I had not planned on writing anything on this blog for awhile. Why? Because I am working on another project that I should have started a year ago and didn’t. Now I am 20 pages into that project and it is liberating!
Ok, don’t get off track here Cindy.
I had not planned to write anything, and I am home sick. Its ok, it is only a head cold but I don’t want to go out in public and scare the masses with my sniffling and sneezing and swollen eyes during a pandemic. That would not be good.
God has laid something heavy on my soul and it needs to be shared.
We are all broken messes. We know that in our minds. BUT do you know that in your heart? Let me elaborate.
I used to think, oh yes, we are all broken messes. Yep. That’s right. God will fix us.

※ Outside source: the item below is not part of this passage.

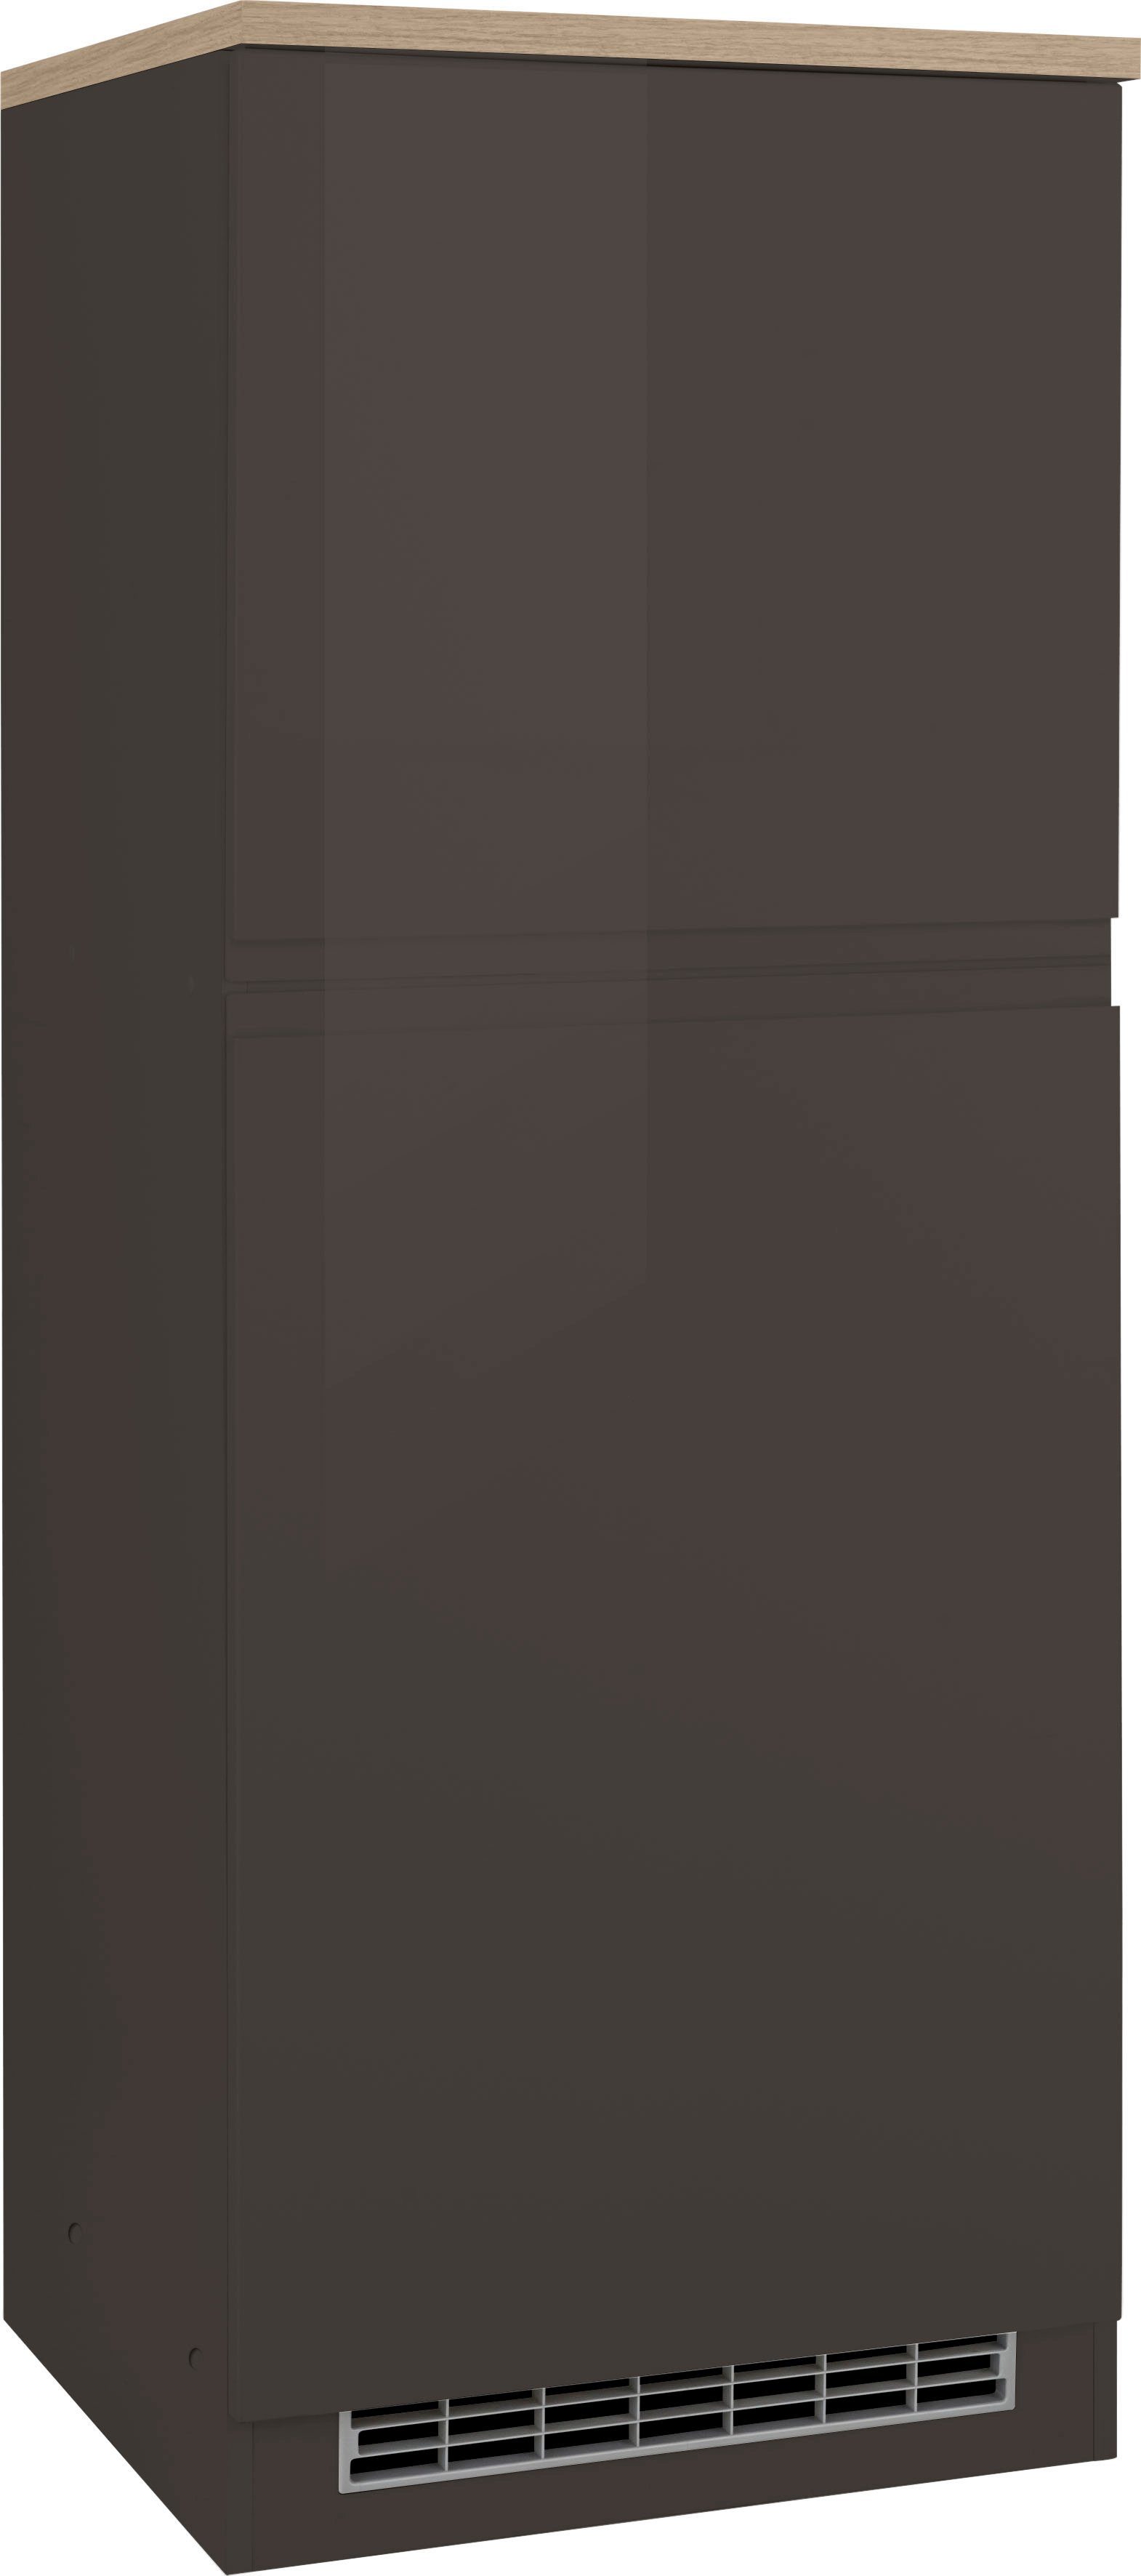 HELD MÖBEL Kühlumbauschrank Virginia 165 cm hoch, 60 cm breit, Nische für Kühlschrank: 56/88/55 cm, 2 Türen grau Hochglanz | grafit

I knew it in my mind. But I didn’t know it in my heart. In the same breath that I proclaimed that God healed all of us broken messes, I would curse the drug addict living next door. I am not proud of it. In any way. But let me tell you how God can change a heart.
I have never liked neighbors that I have perceived to run drugs. I have smelled marijuana, seen needles lying around, and have found makeshift bongs in the trash. I have even seen people rummaging through my garbage for pills. I always feared for my kids and the security of our home. YET I never did anything about it except maybe call the cops a couple times.
“Normal”, right? Yep.
But I was made to be set apart, not normal.
One day I was working at a home who’s owner had just died, painting with others because the exterior was in desperate need of a face lift. It was warm out and I was getting thirsty and hungry. The back door opened and I was handed a glass that held a watermelon margarita by a man who had a humbled look on his face. I knew this individual was an addict. I’d seen it, seen the evidence. I had expected the loathing to well up inside of me, but it didn’t. In that moment I saw a man who had just lost the mother that he loved and he was offering a gift of gratitude. I no longer saw an addict.
That was the first time God softened my heart to addicts.
Not long after my gratitude encounter I was sitting in a booth at a restaurant doing Bible study. An individual that worked there came over and started talking to me. I had talked to her many times before. But this time God had laid something on her heart. In the span of an hour I had heard about her struggle, her hurt, and how God released her from her addiction. It is one of the most powerful testimonies I had ever heard. She was radiant, and I knew what Light it was that she was projecting. It was the most beautiful thing I had ever seen. You want to talk about eyes wide open and humbled. Wow.
That was the second time God softened my heart to addicts.
After those two encounters, I saw addiction and the people who struggled with it in a whole new light. God knew what I needed to be beautifully broken. I was defining God’s children by their addiction, not by who God made them to be.
But now. Now I see things so much more clearly. Addiction is a symptom of something greater. Hurt, trauma, whatever you want to call it. It is there. And those of us who are set apart are called to help the hurting.
I was the one who needed broken in that moment, not them. I was so conditioned to “normal” that I could not look past their addiction and my own selfish heart. We are called to be set apart. We are called to do the hard things. We are called to walk in the dark places shining the light of Christ. We are called to do the work with no conditions.
1 Peter 4:8 says Above all, keep loving one another earnestly, since love covers a multitude of sins. Love covers a multitude of sins. Like when Christ died on the cross to wash ALL of our sins clean because he LOVED us unconditionally? Yes. Exactly like that. Jesus was not a conditional sacrifice. So who are we to pick and chose who we show Christ’s light to? We cannot.
Today I want to challenge you. Where does God need to beautifully break you? Where is your heart hard? Every beautifully broken piece is part of a testimony that God will use!
Galatians 2:20 I have been crucified with Christ. It is no longer I who live, but Christ who lives in me. And the life I now live in the flesh I live by faith in the Son of God, who loved me and gave himself for me.